A recent work studying a vast dataset of RGB video recordings of infants in incubators [4] showed after the annotation of 384.3 hours that in 54.9% of these the reference (CI) was poor, in the 11.5% the infant was out of the incubator, and in the 11.3% there were clinical interventions, and therefore, following our classification 22.3% would remain as useful data. CI is usually disturbed during baby motion and when there is a poor electrodes contact. Considering the different infant populations of the two studies we could attribute our reduced percentage of valid data to the use of the soother and to the increased parent presence. However, a more detailed annotation should be performed to analyze thoroughly the possible coverage obtainable with this type of setup and to investigate how to improve the algorithm or the setup for a more realistic clinical application.

This pilot study gave us good insights on the use of such technologies in a complex environment as a neonatal ward.

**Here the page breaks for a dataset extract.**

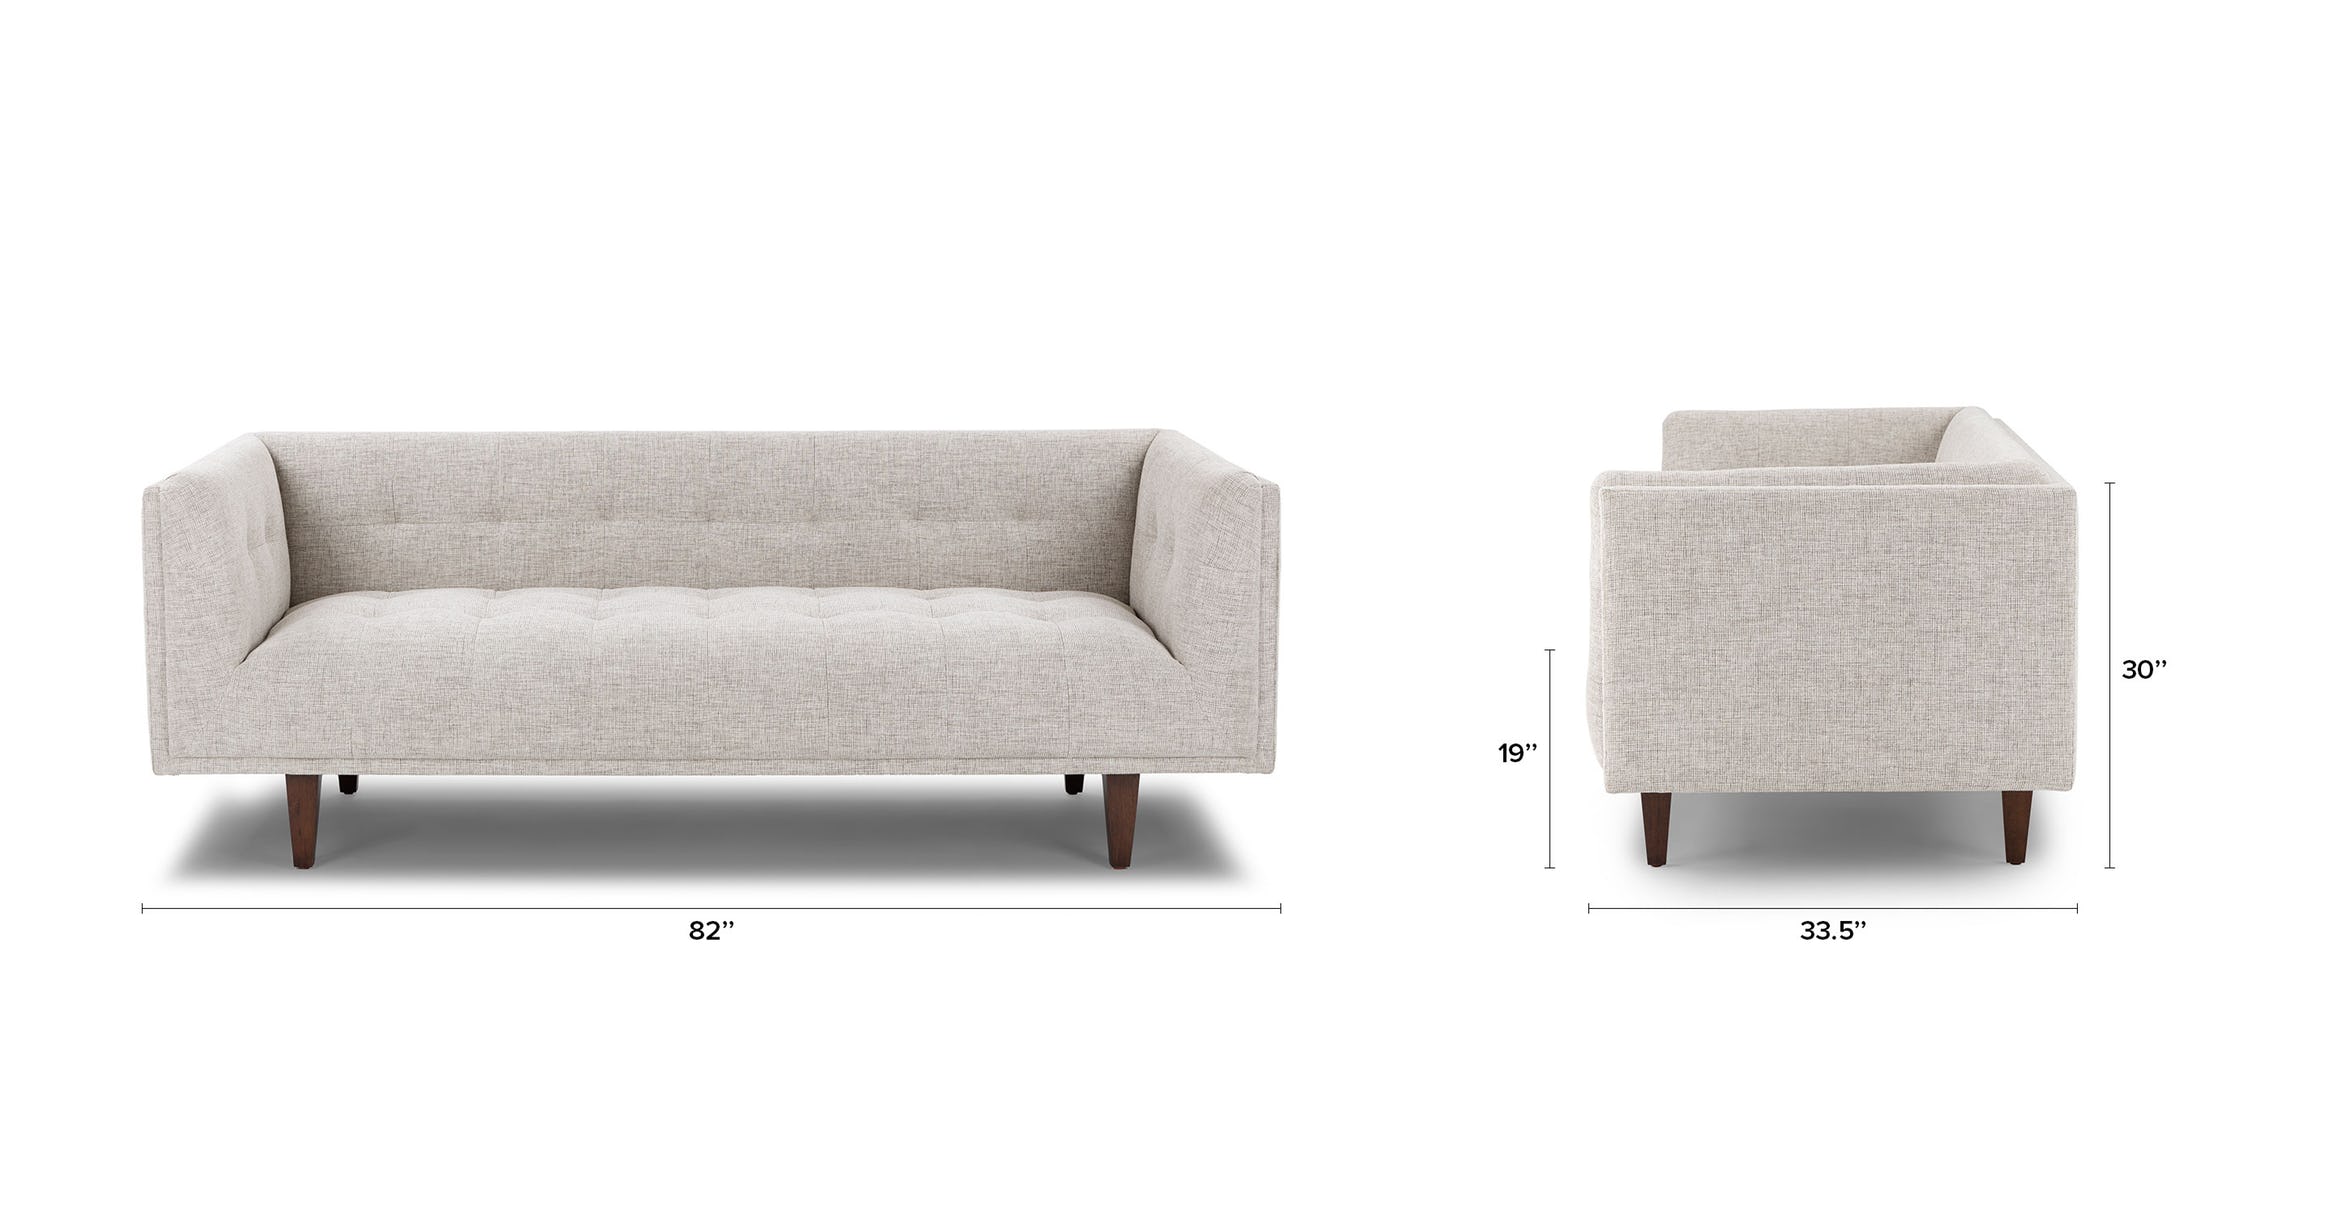 Birch Sofa dimensions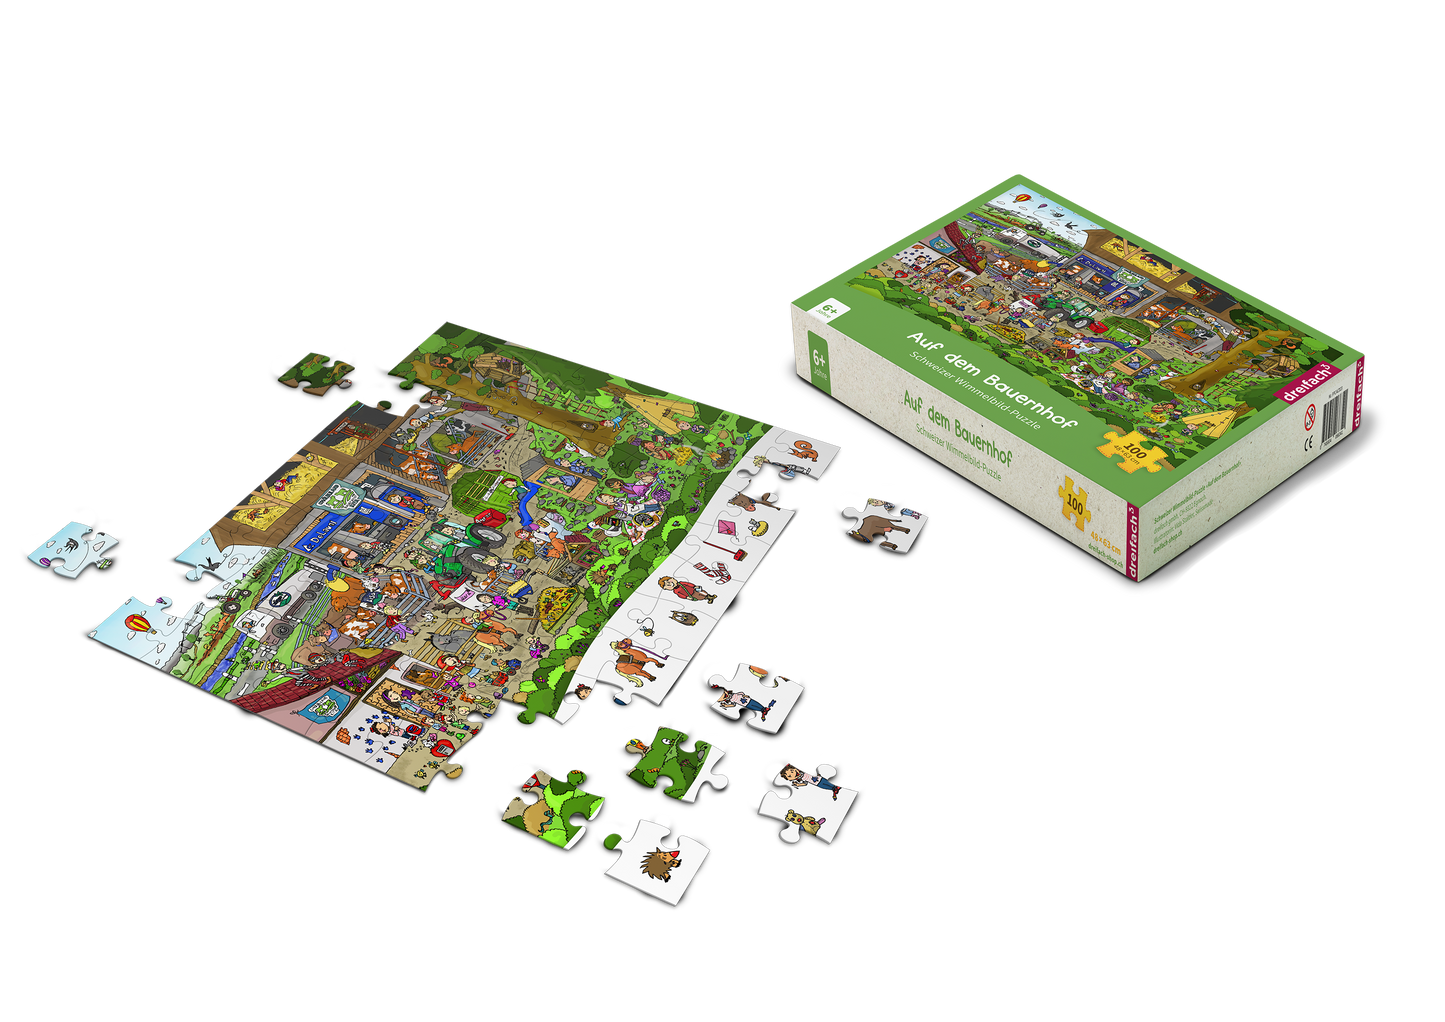 Bauernhof-Set mit Wimmelbuch und Puzzle

Even though the focus of this paper was to verify the accuracy of our algorithm in detecting the respiration rate, there is evidence suggesting this type of setup could also be used to detect the occurrence of apneas and other type of patterns as shown in the examples in Fig. 7. Cessations of breathing were observed in Infant 6. These were clearly visible in the video thanks to the mattress changing temperature due to the respiratory flow. Infant 3 showed a typical PB pattern throughout most of the measurements. The detection of such events needs further analysis and should be part of the future development. Moreover, our algorithm currently detects the respiratory thermal signature, without distinguishing between motion and flow, this can be a limitation when aiming at apnea detection and should be further studied. Our method was tested in a neonatal ward setting including only patients in an open bed, the method, the setup, or the algorithm may need adaptation to work in a NICU setting with babies in incubator, due to the warm and humid environment inside incubators.

Fig. 7.

Fig. 7.

Example of detectable cessation of breathing, the figures represents two segments from Infant 6 and 3, the first row contains the respiration signal obtained with our method and the second row shows the one obtained from the CI reference. Short apneic events (indicated with the arrows) were visually identified by looking at the thermal video and found also in the time domain signals, and PB pattern is clearly visible in the chest impedance and our signal in Infant 3.

6. Conclusion

A novel approach for automatic respiration pixels detection in multi-camera thermal recordings was introduced. Our approach is based on the merging of the three camera views and the use of three features for the detection of the pixels containing respiration motion or flow. This type of approach has the advantage of being independent on the nose visibility required in approaches based on facial landmark detection and tracking. Our method was benchmarked against the method developed by Pereira et al., adapted to work with our recordings, and both were compared to the RRs obtained with the CI, on 152 minutes recordings acquired on seven infants. Our method yielded a percentage of correct estimation of around 71% compared to the benchmark best results of around 56%. Overall, this work shows results for the detection of the respiration rate in a quite large amount of data. Our algorithm obtained a MAE equal to 2.07BPM by comparing our estimated RRs to the ones obtained from the CI reference, and using more features, not only dependent on the spectrum shape, guarantees robustness to window size changes.

Acknowledgments

We would like to thank Astrid Osagiator and all the nurses working in the Medium Care Unit of MMC for their help and valuable contribution in our data collection.

Funding

Nederlandse Organisatie voor Wetenschappelijk Onderzoek10.13039/501100003246 (15345).

Disclosures

The authors declare no conflicts of interest.